Após encontros com as centrais sindicais e lideranças de trabalhadores, foi anunciado que, no mês de fevereiro, será criado um grupo de trabalho, composto por representantes do governo, trabalhadores e empresas, para o envio de uma proposta ao Congresso. A iniciativa é bem-vinda.

Atualmente, as empresas proprietárias de plataformas digitais não reconhecem quaisquer direitos aos trabalhadores. Isso ocorre em um cenário de submissão a distintas formas de controle, uma relação direta entre dependência e precariedade (quanto mais dependentes da empresa, maior a precariedade das condições de trabalho), déficit de trabalho decente e acentuada desigualdade entre trabalhadores e empresas.

Como assegurar que a cidadania dos trabalhadores via plataformas digitais seja respeitada?
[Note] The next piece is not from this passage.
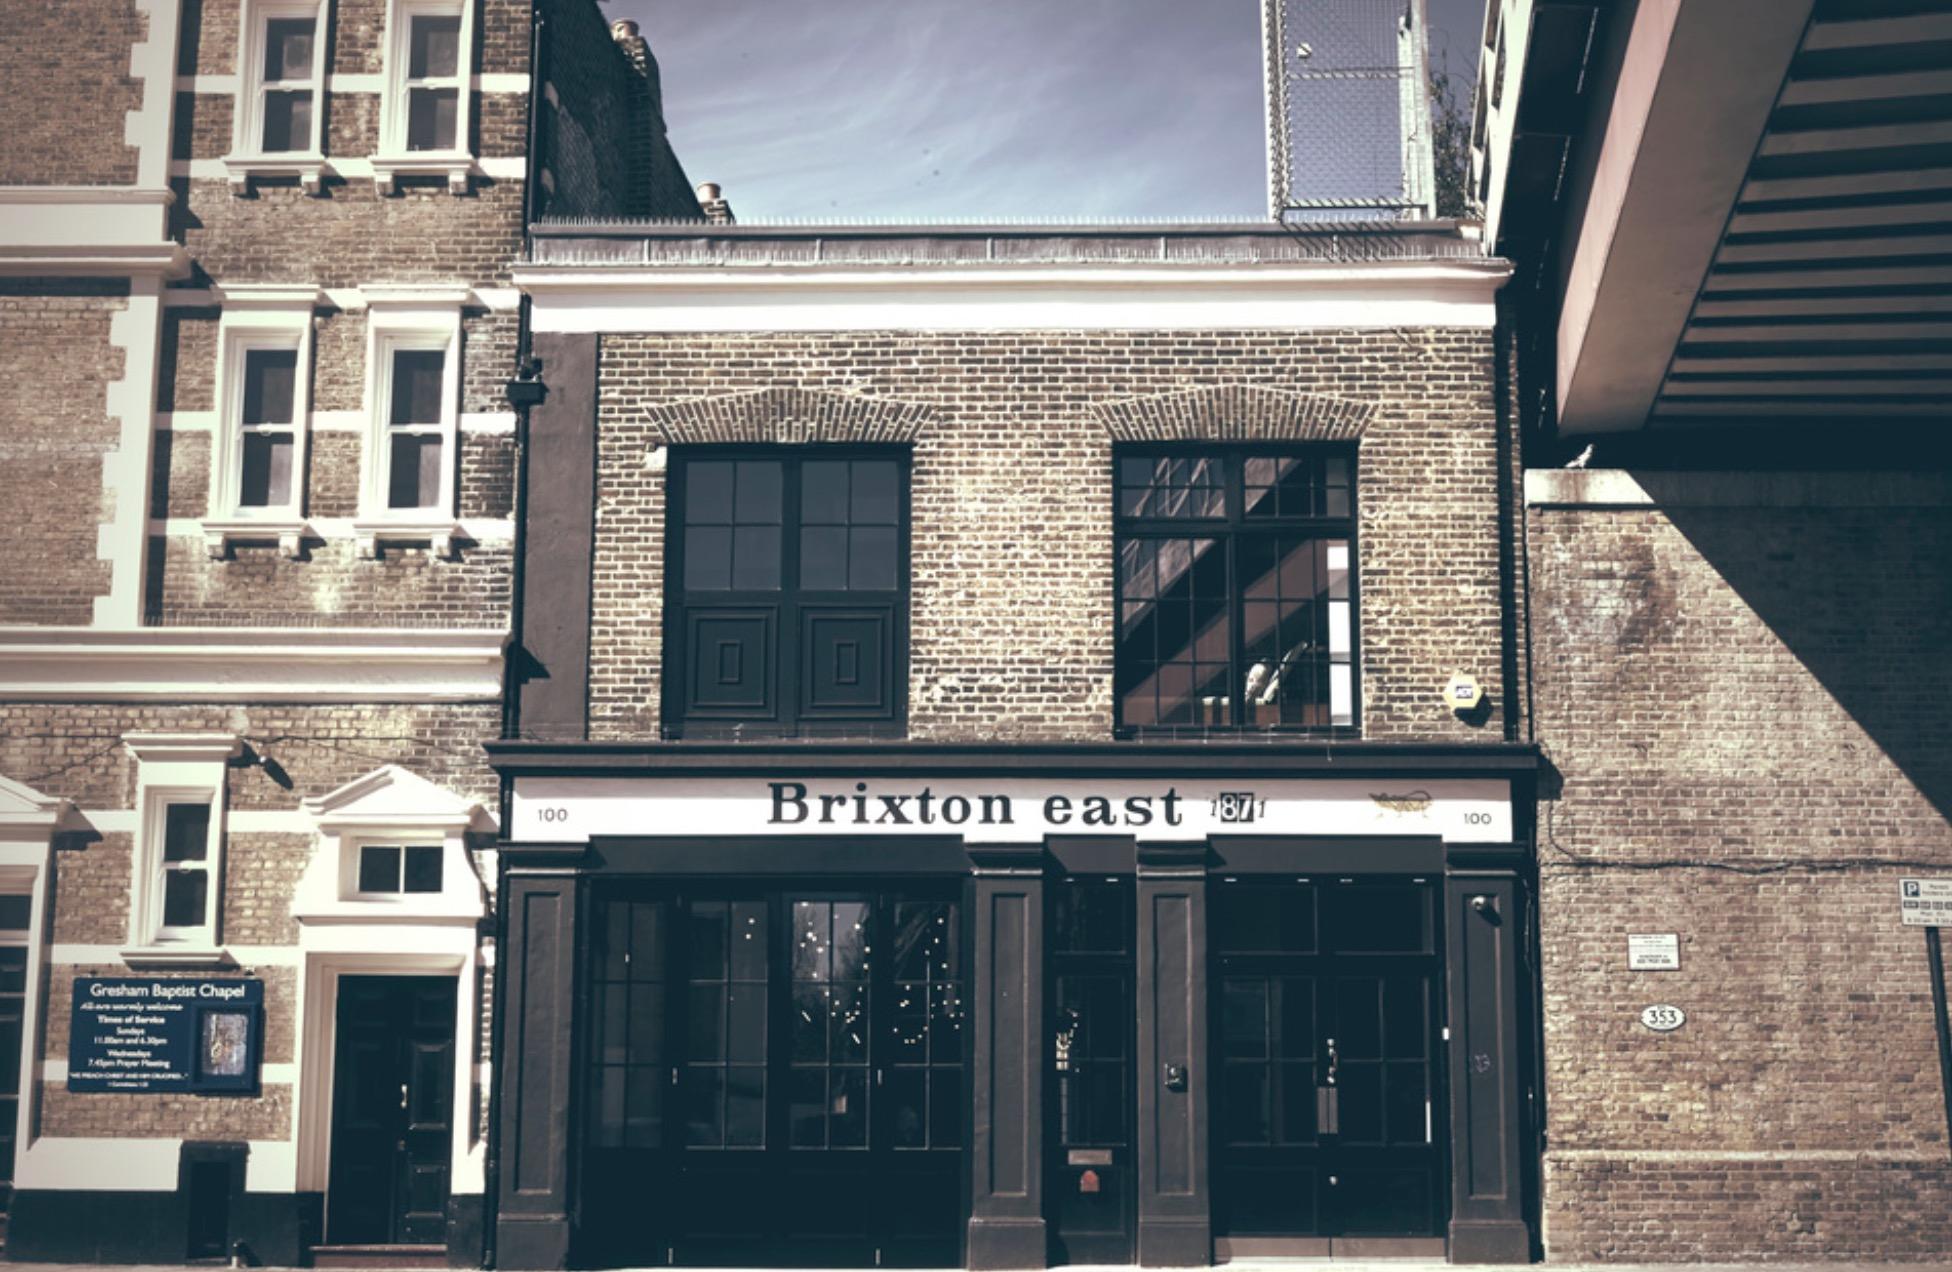 BRIXTON EAST

Como fazer com que sejam tratados como pessoas e não como mercadoria?

Esses questionamentos são centrais. Se a igualdade é um dos elementos fundantes de nossa sociedade, por que consentimos que os trabalhadores via plataformas digitais sejam tratados como coisas? Por que aceitamos que eles cumpram jornadas extenuantes? Por que concordamos que eles não tenham qualquer apoio quando sofrem acidentes e ficam impossibilitados de trabalhar? Por que não nos incomodamos com o fato deles poderem ser bloqueados a qualquer momento, sem justificativa por parte da empresa?

Por que admitimos que eles não tenham direitos?
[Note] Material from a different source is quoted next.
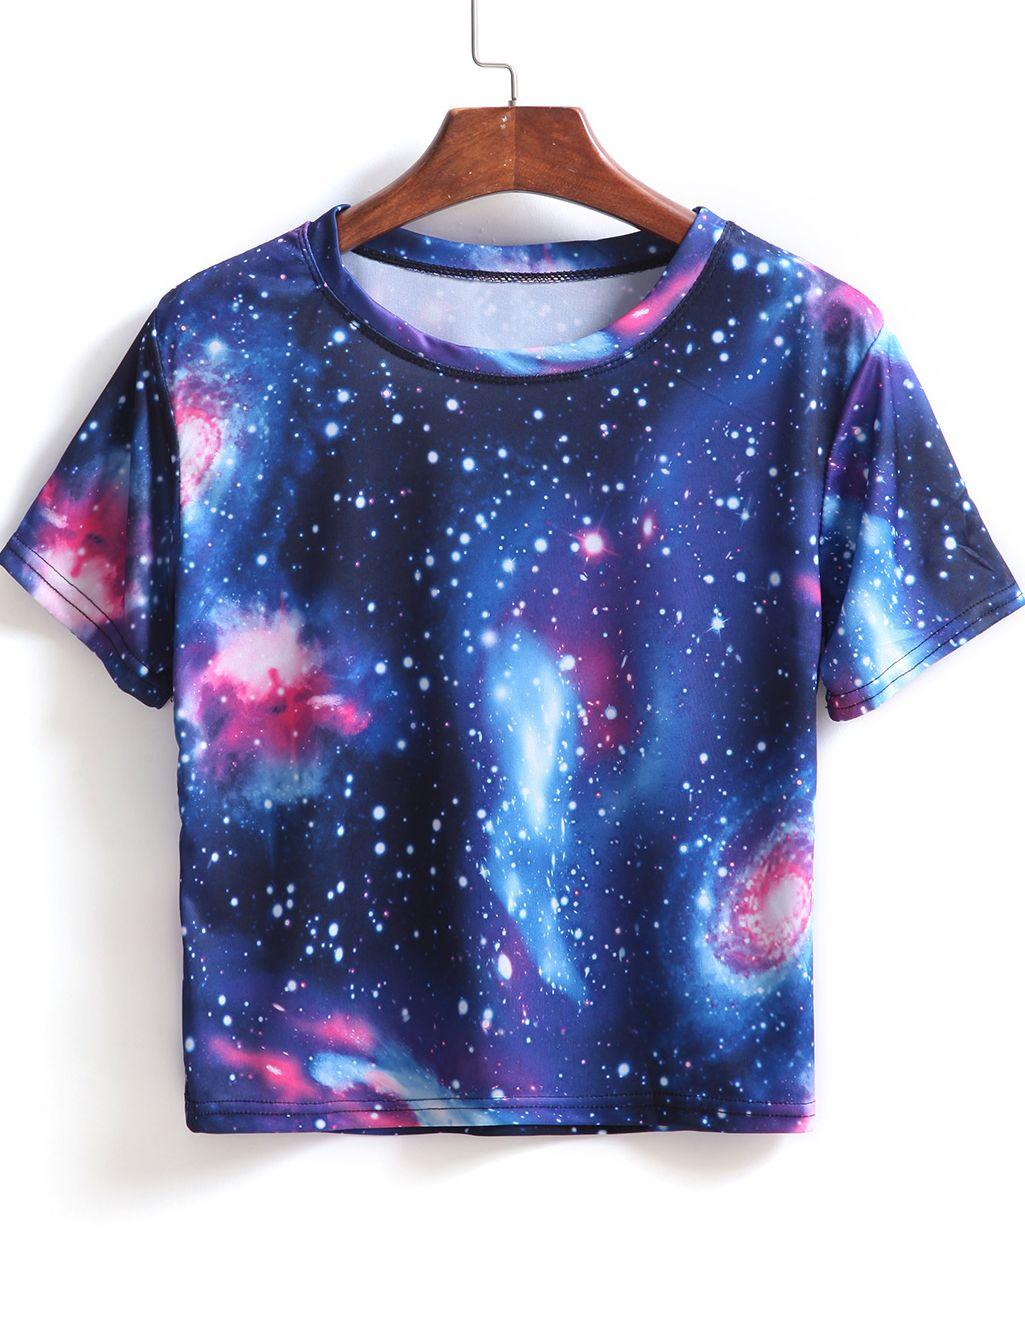 Pinterest Crop Azul Manga Moda Camiseta 35 7 Galaxia Corta 4nSfSB8Aq

É preciso também olhar quem são esses trabalhadores. Um levantamento do IPEA em 2022 sobre a composição do mercado de trabalho no contexto das plataformas digitais apurou que 53% dos motoristas, 73% dos mototaxistas e 55% dos entregadores são homens negros. Para efeitos de comparação, levando em conta dados do IBGE, os homens negros compõem 31,3% da força de trabalho no Brasil. Ou seja, eles são sobrerepresentados nesses setores econômicos. E são eles quem, majoritariamente, têm a sua condição de pessoa negada.

Esse quadro é fundamental para debatermos a regulação do trabalho via plataformas digitais. Algumas das propostas que estão circulando, como a criação de uma categoria intermediária com menos direitos que os previstos na CLT ou o reconhecimento apenas de direitos previdenciários – com uma omissão consciente e deliberada quanto aos direitos trabalhistas – vai dar origem a uma subcidadania em que os principais prejudicados serão homens negros.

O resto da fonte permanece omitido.